In sum the Gochee rule is based on an unrealistic fiction, conceptually flawed, serves no useful social purpose and frustrates the express public policy ‘ ‘ that one injured by the negligent operation of a motor vehicle should have recourse to a financially responsible defendant. The owner of the automobile [being] the obvious candidate ”. (Continental, supra, at p. 352.) It survives only as a remnant of the past reflecting a period in the history of the common law when the relationship between the passenger and the driver was generally considered to be a relevant circumstance in determining the passenger’s right to recover for injuries. (See Prosser, op. cit., p. 488.)

But it no longer has any place in the present scheme of tort liability where the paramount consideration is to give full effect to the ‘ vital interest of society in protecting people from losses resulting from [vehicular] accidents” (Gelbman v. Gelbman, 23 N Y 2d 434, 439). In accord with this policy the modern tendency, both in this court and the Legislature, has been to abolish or refuse to adopt defenses based on the relationship between the passenger and the negligent driver and to *405substitute the more desirable rule that the passenger’s right to recover should depend solely upon his own conduct in actually controlling the vehicle or in failing to exercise control or to take such action as is reasonably required by the circumstances. Thus in this State we have abandoned the defense of intra-family immunity (Gelbman v. Gelbman, supra), rejected the guest statute concept (see Babcock v. Jackson, 12 N Y 2d 473, 482) and abolished the common-law doctrines imputing the negligence of a parent to a.child (Domestic Relations Law, former § 73), the child to the parent (4 N. Y. Jur., Automobiles, § 416) or one spouse to another spouse (Michelson v. Stuhlman, 272 N. Y. 163).

Clearly we have reached the point where the general rule now is that the passenger’s right to recover should not be barred merely because he bears some special relationship to the driver — a rule to which Gochee represents a somewhat incongrous exception. On prior occasions we have noted that a “ rule which so incongrously shields conceded wrongdoing bears a heavy burden of justification ”. (Badigian v. Badigian, 9 N Y 2d 472, 475 [Fuld, J., dissenting], later cited with approval in Gelbman v. Gelbman, supra, at p. 437.) This is a burden which Gochee quite obviously cannot satisfy.

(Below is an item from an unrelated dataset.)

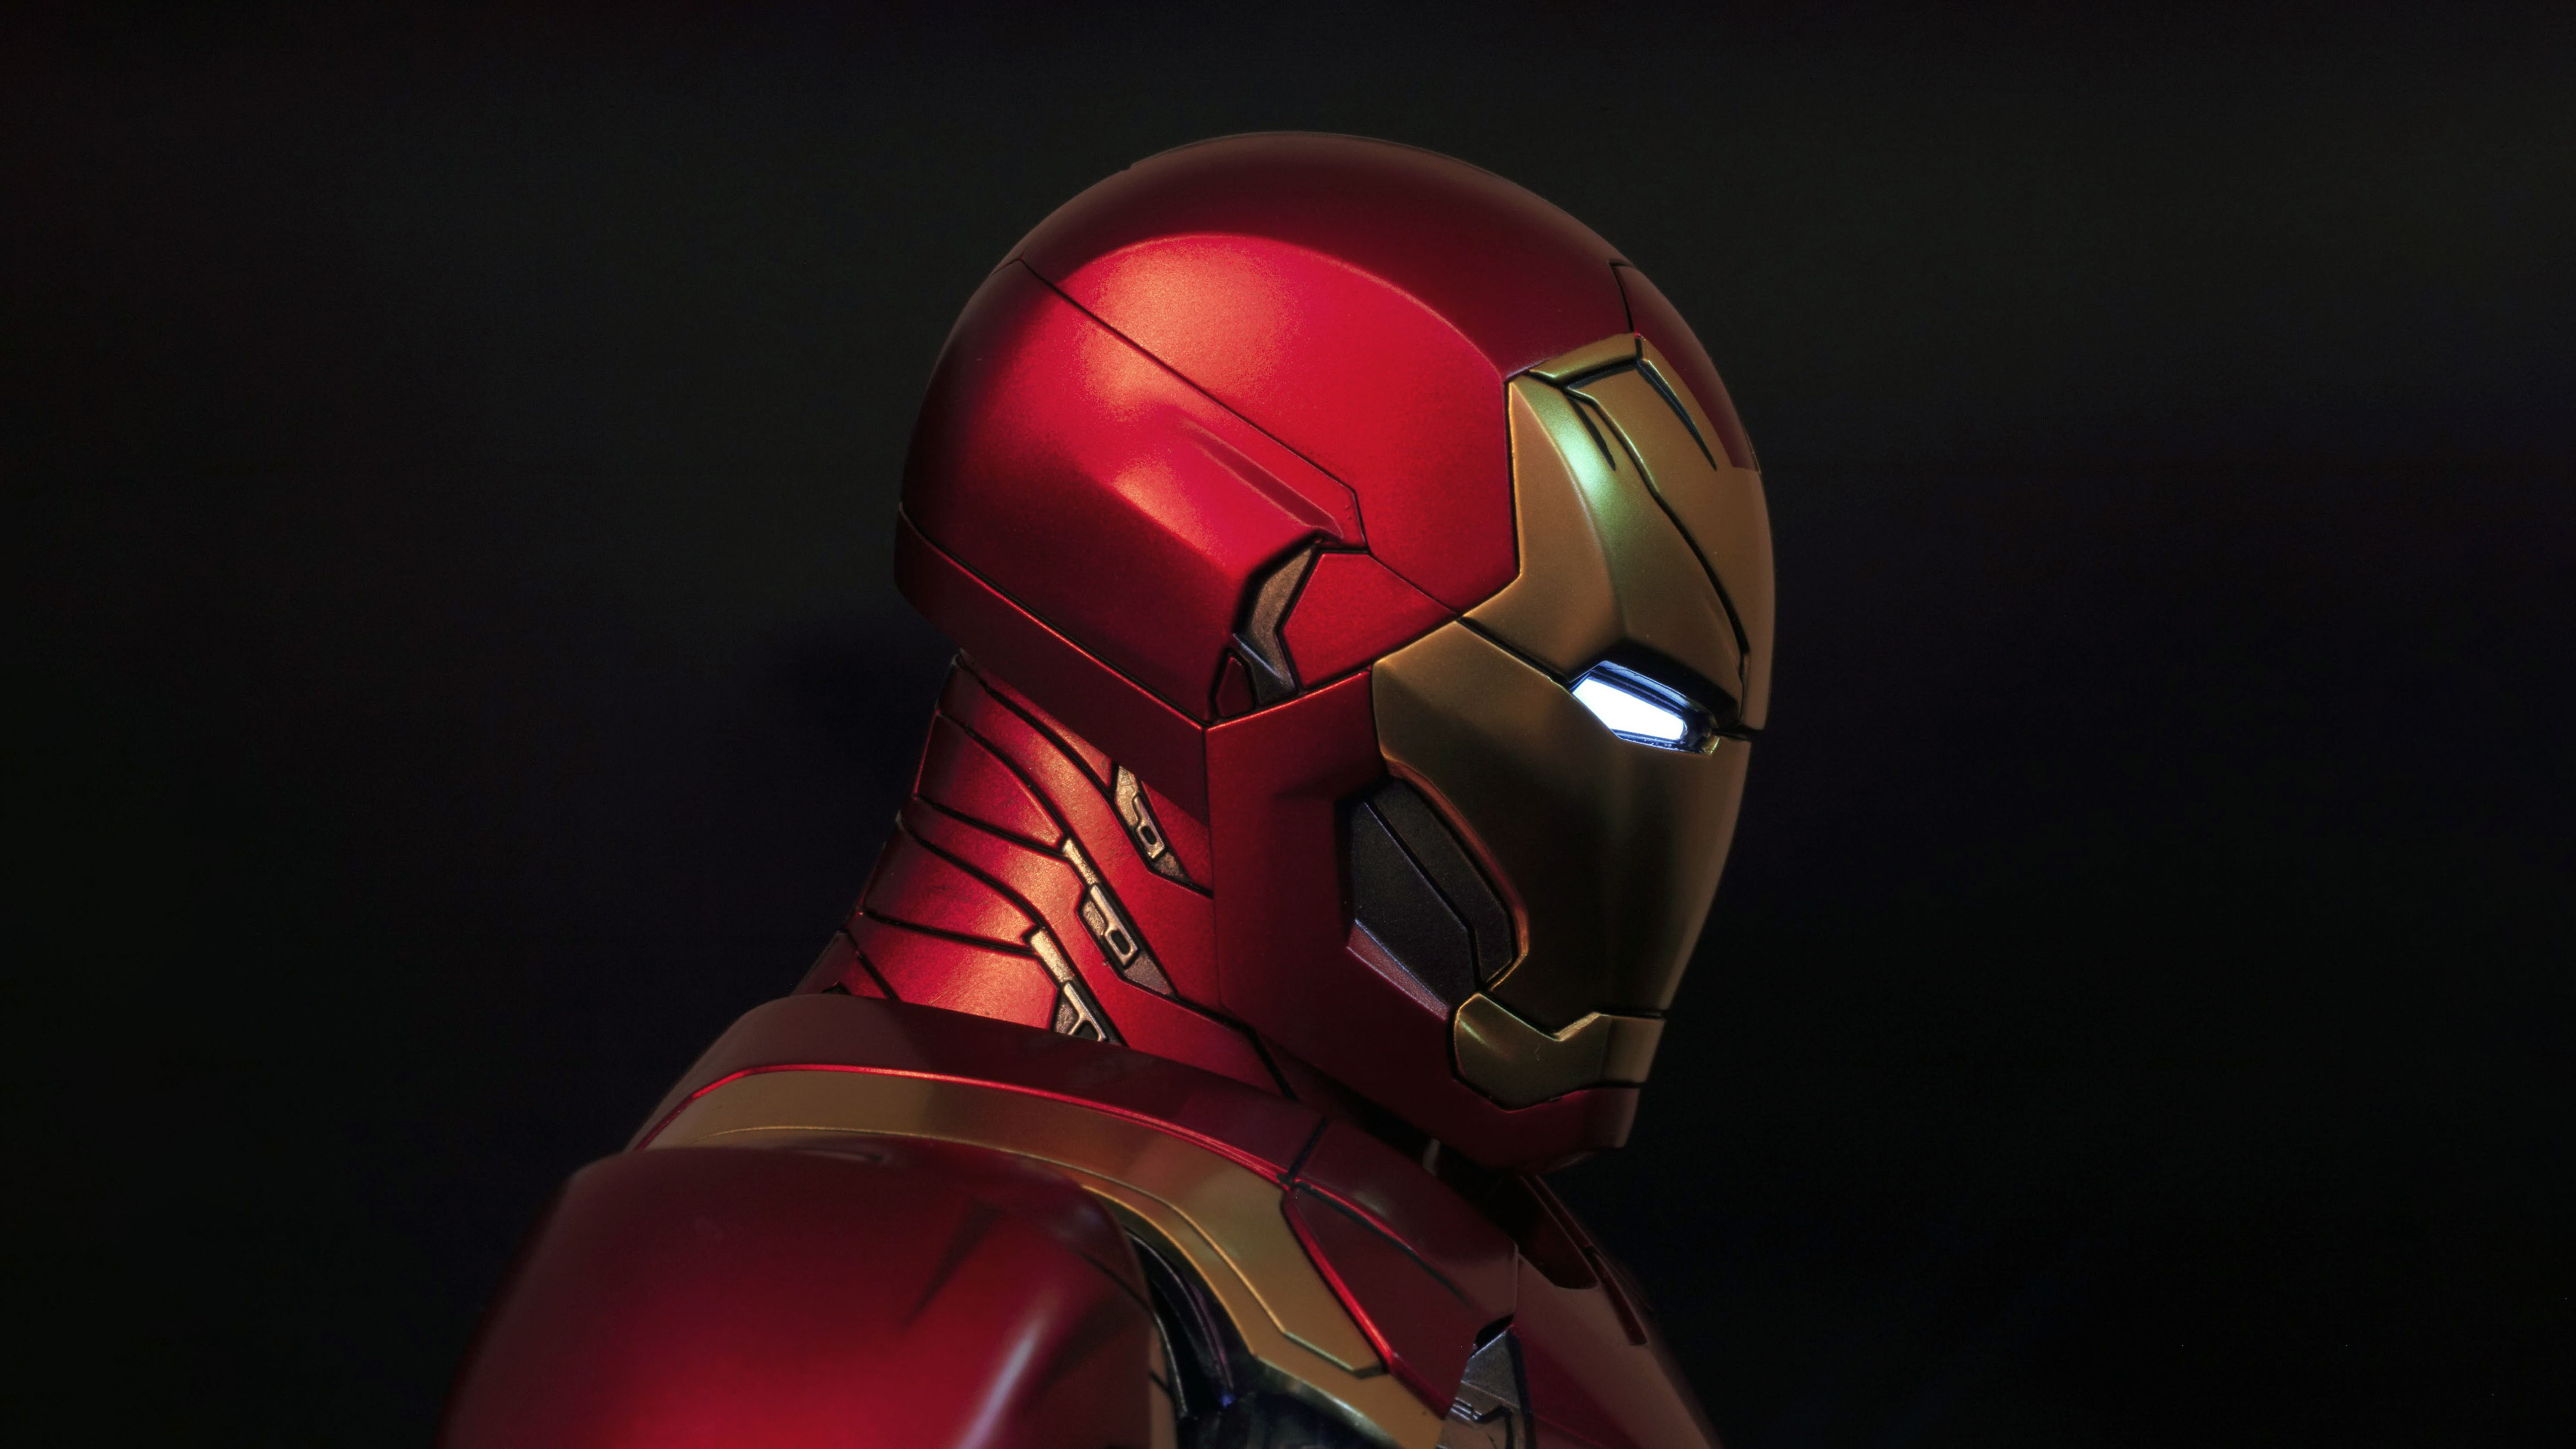 Fondos de pantalla Iron man de perfil
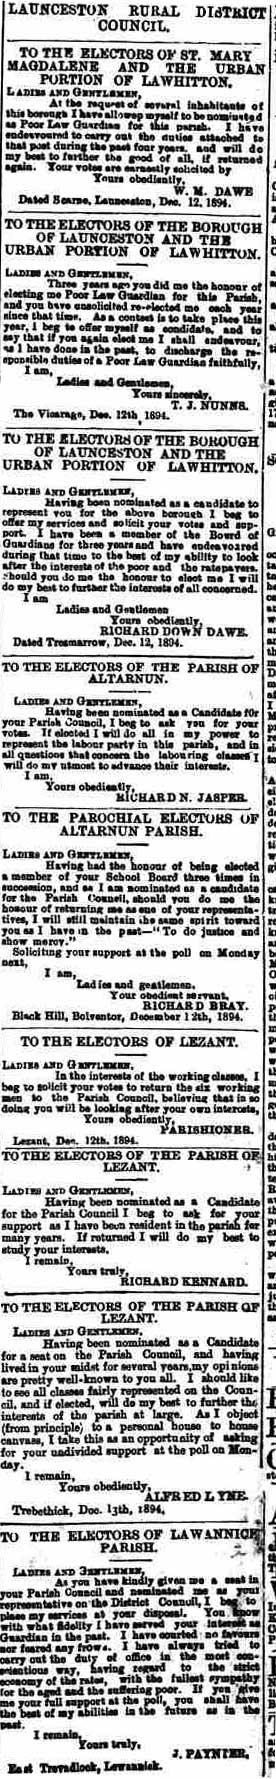 15 December 1894

We have therefore concluded that Gochee v. Wagner should be overruled, and that the general rule should be applied without exception by allowing the plaintiff passenger to recover for negligent operation of the vehicle — no matter what his relationship to the driver may be — unless it is shown that his own personal negligence contributed to the injury.

The order of the Appellate Division should be reversed, motion for summary judgment denied and the case remanded for trial in light of this decision.